Signatures/attestations are not yet published — until then, checksums confirm
integrity (the file matches what CI built) but not provenance. For the strongest
guarantee you can still rebuild from source at the tagged commit
(`cargo build --release` after `git checkout <tag>`).

---

## Reporting a vulnerability

Please report suspected vulnerabilities through GitHub's private advisory channel:

- **Preferred:** open a draft Security Advisory at https://github.com/panchenkoai/rivet/security/advisories/new
- Alternative: email the maintainer listed in `Cargo.toml` with subject `rivet-security:`.

We aim to acknowledge reports within **7 days** and to ship a fix or mitigation within **30 days** for confirmed issues affecting a supported release.

### Supported versions

Only the latest minor release line (currently `0.5.x`) receives security fixes.
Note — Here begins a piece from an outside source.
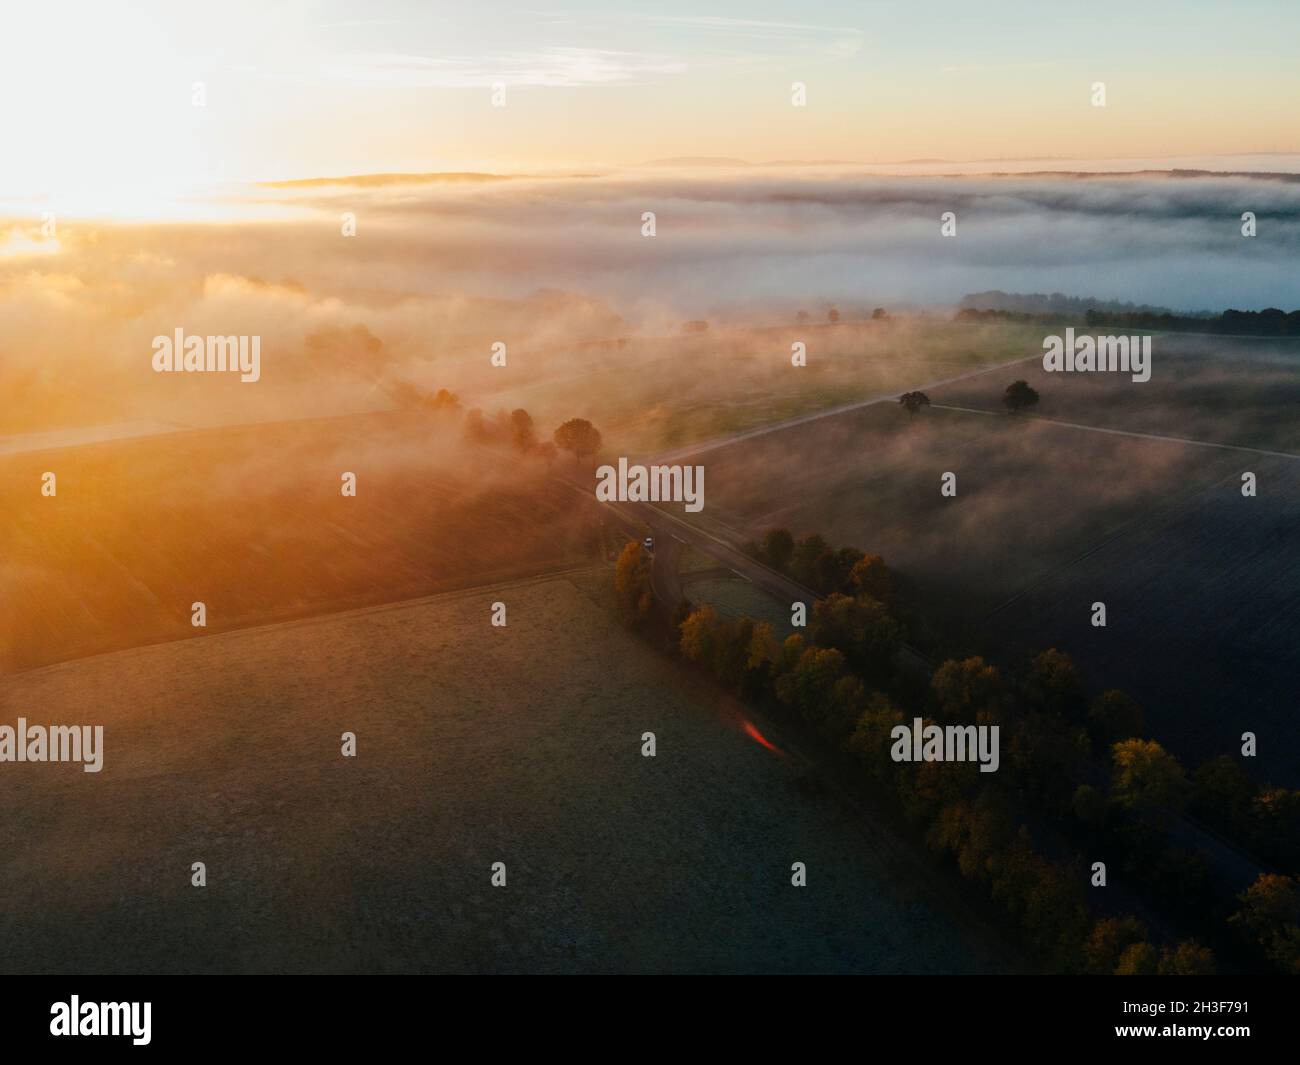 Rheinlandpfalz, 24.10.21: Sonnenaufgang und nebelige Landschaft am frühen Morgen.  Foto: pressefoto Mika Volkmann Stock Photo
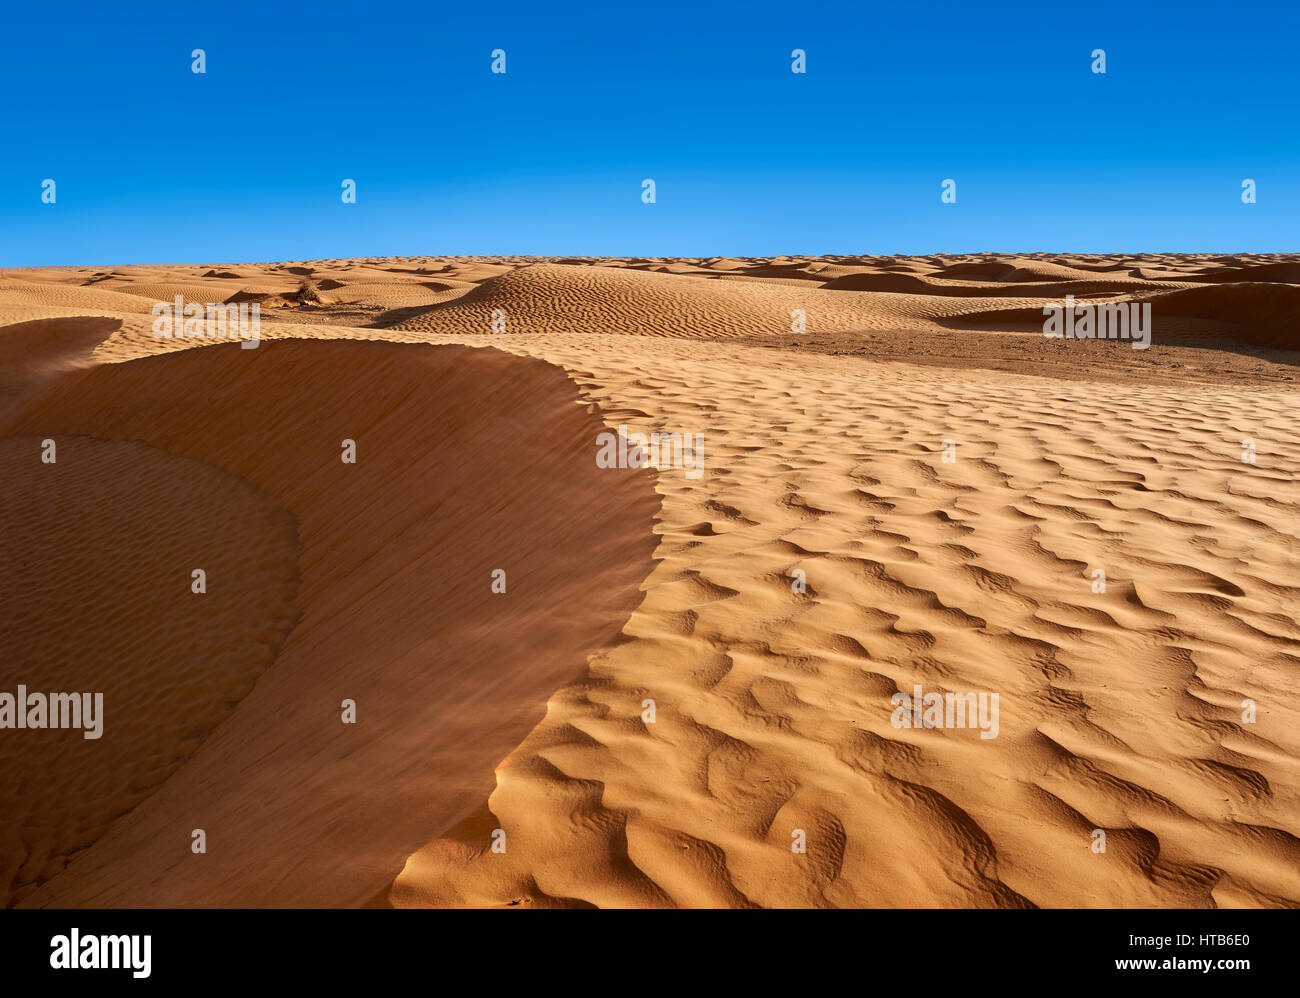 El desierto del Sahara dunas de Erg Oriental cerca del oasis de Ksar Ghilane, Túnez, África Foto de stock

Older lines may be patched on a best-effort basis when the fix is trivial to backport.

---

## Scope

In scope:

- Credential leakage in CLI output, logs, error messages, plan/journal/metrics artifacts.
- Crash-recovery bugs that lose data or silently advance the cursor past unwritten rows.
- Path traversal or symlink issues in destination writes.
- TLS / certificate validation bypasses.
- Vulnerabilities in declared direct dependencies that Rivet's code path actually reaches.

Out of scope (please do not file as security issues):

- User-authored SQL injecting into the user's own database.
- Misconfiguration that grants Rivet excessive privileges on the source.
- Performance issues without a security dimension.
- Vulnerabilities in upstream databases (PostgreSQL, MySQL) themselves.